## Provided records
==============================

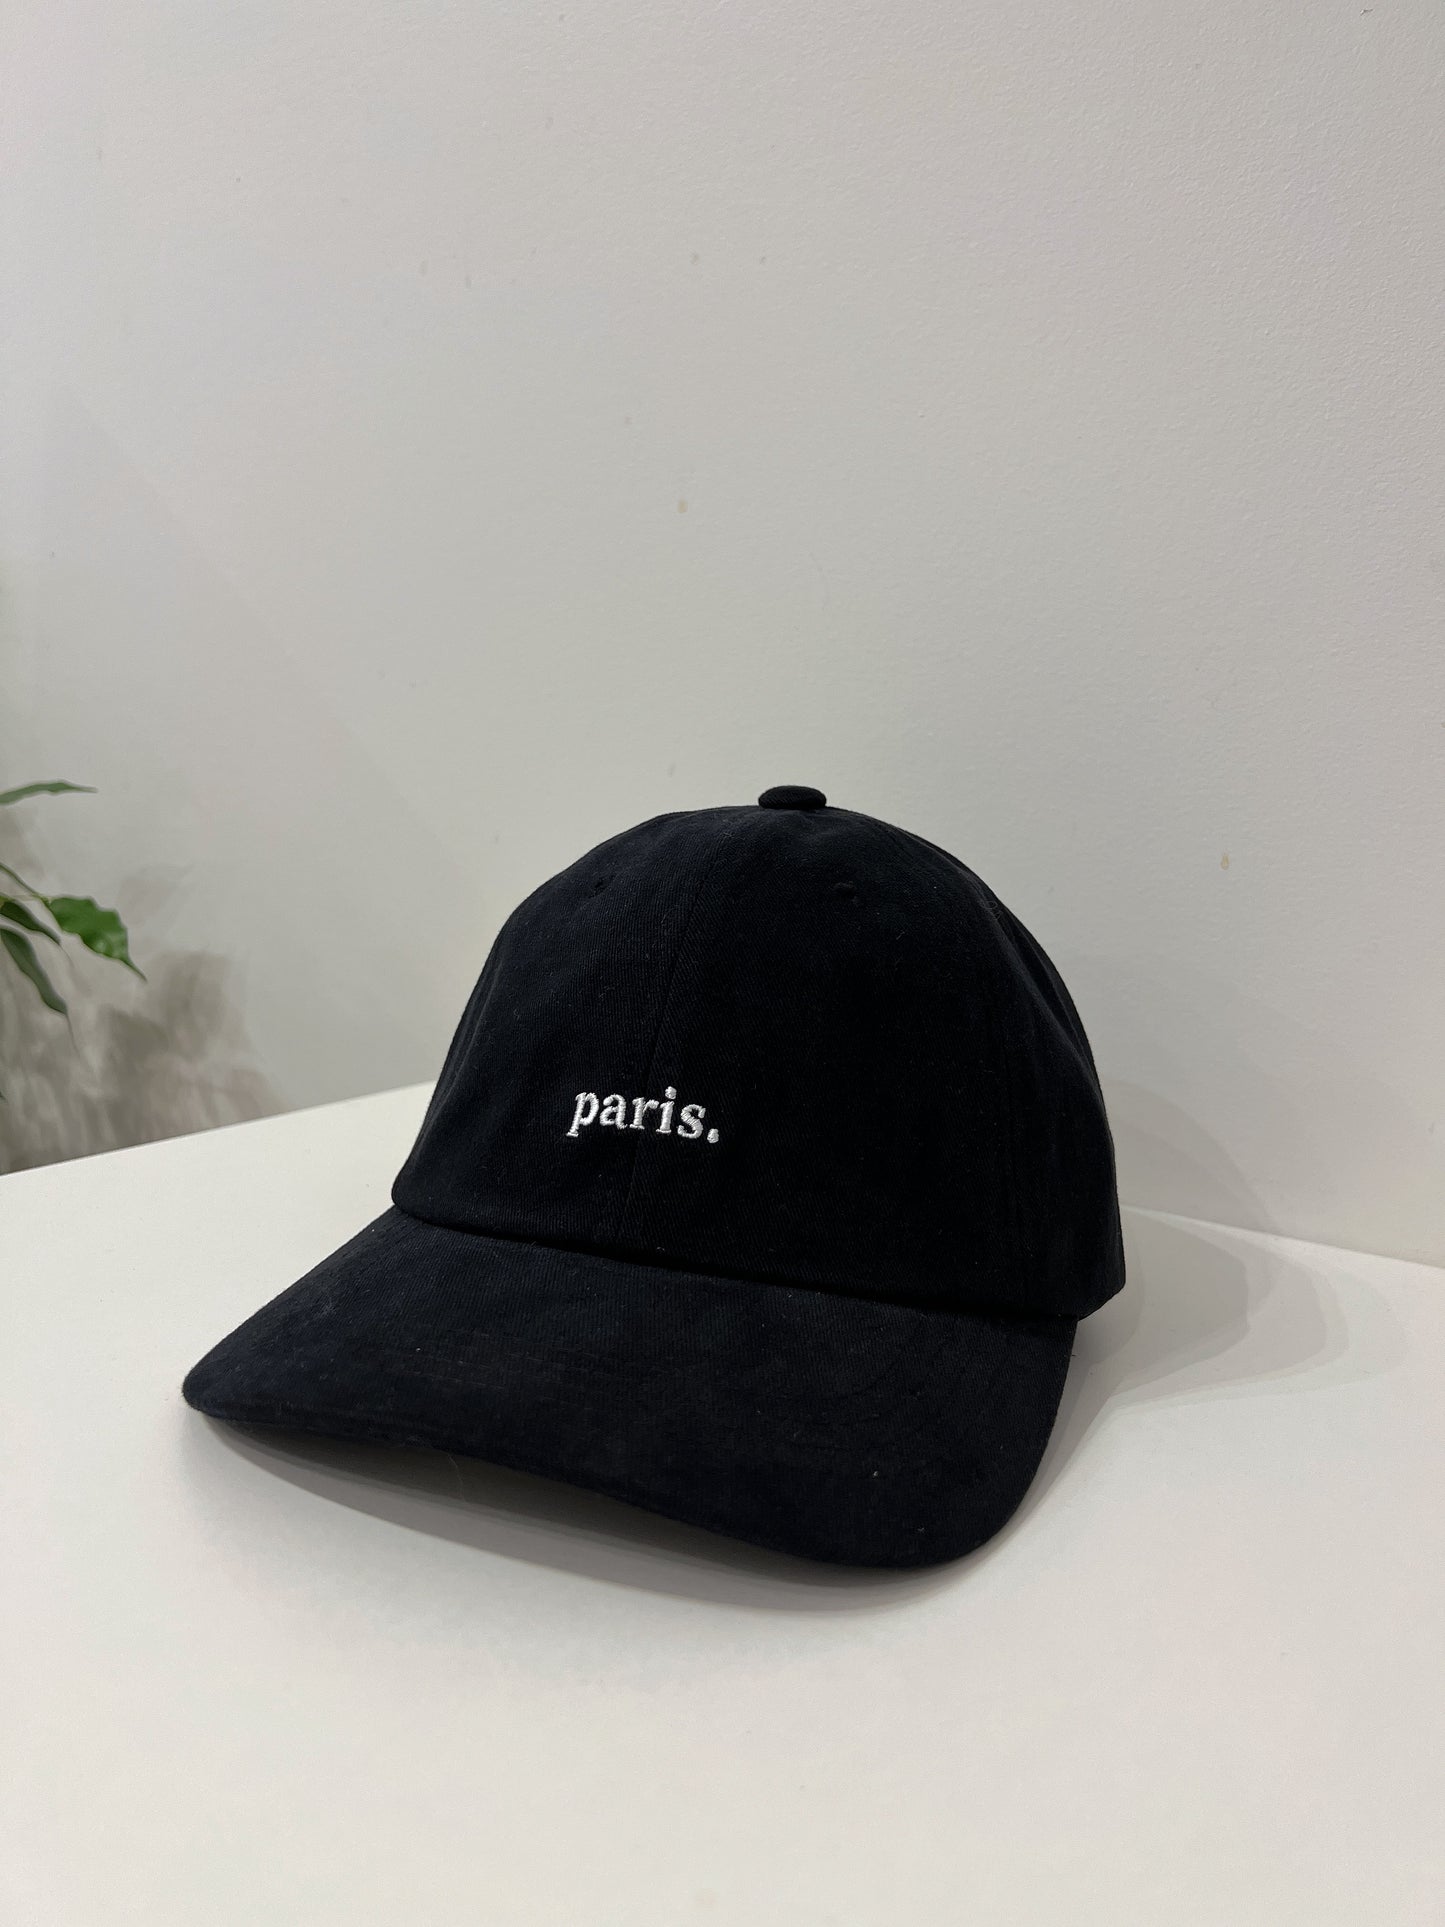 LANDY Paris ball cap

==============================

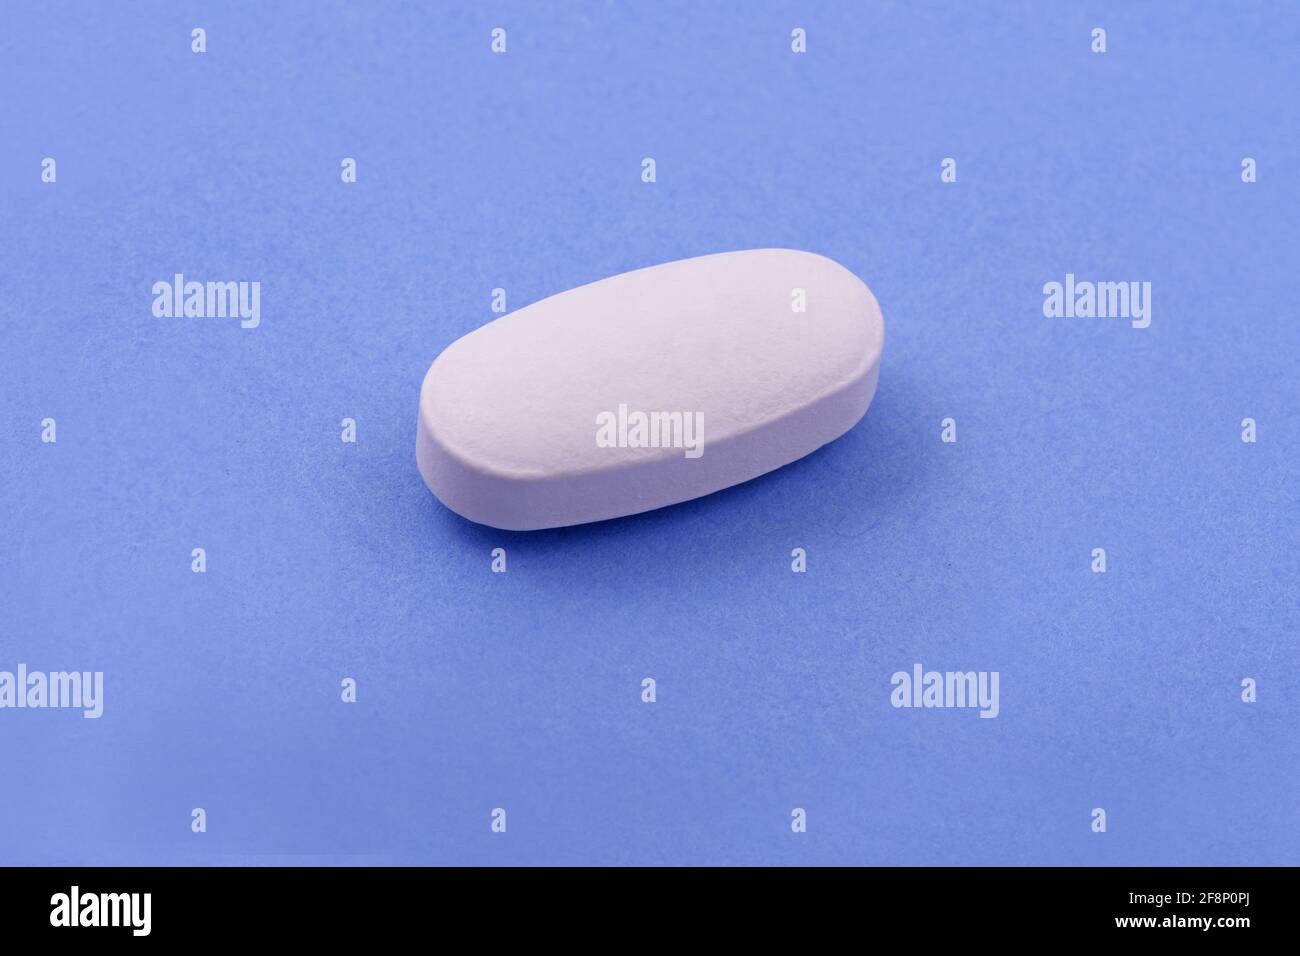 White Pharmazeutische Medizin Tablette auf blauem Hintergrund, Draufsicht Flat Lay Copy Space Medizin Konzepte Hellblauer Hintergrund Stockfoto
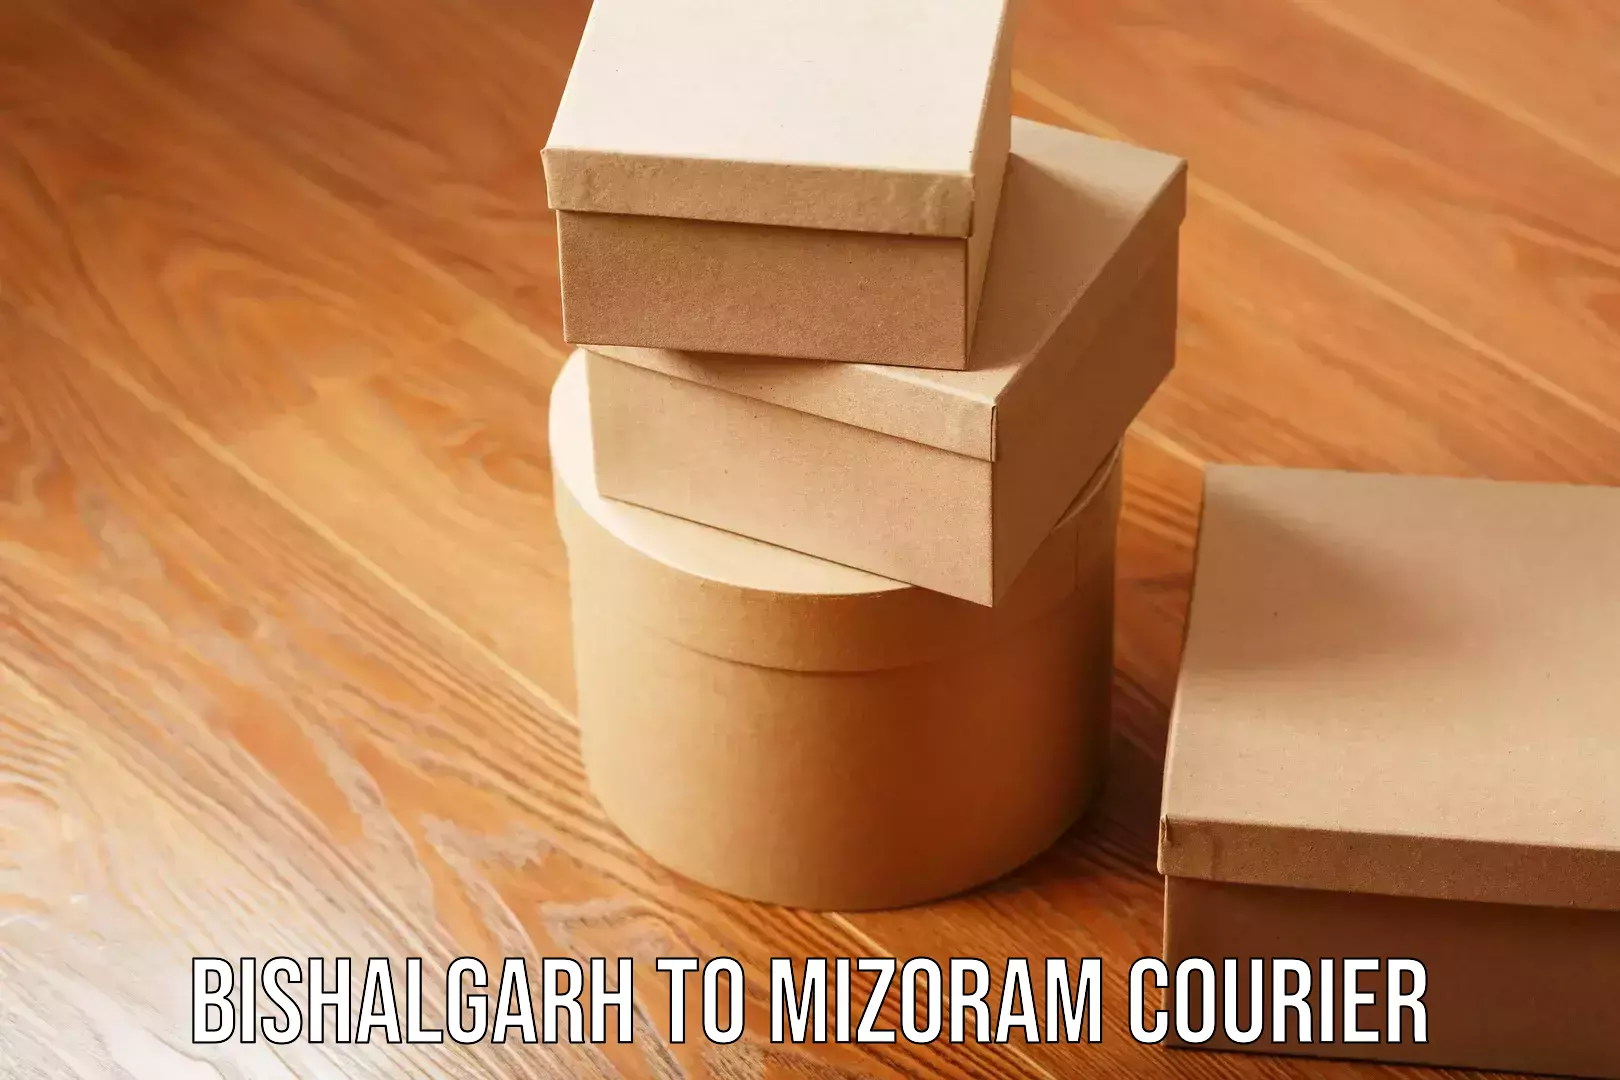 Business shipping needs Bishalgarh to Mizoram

==============================

## Prompt
Using the records above, print exactly the lines between the ones containing "White Pharmazeutische Medizin" and "Business shipping needs", inclusive, and nothing else; no pictures.

## Reply
 White Pharmazeutische Medizin Tablette auf blauem Hintergrund, Draufsicht Flat Lay Copy Space Medizin Konzepte Hellblauer Hintergrund Stockfoto
 Business shipping needs Bishalgarh to Mizoram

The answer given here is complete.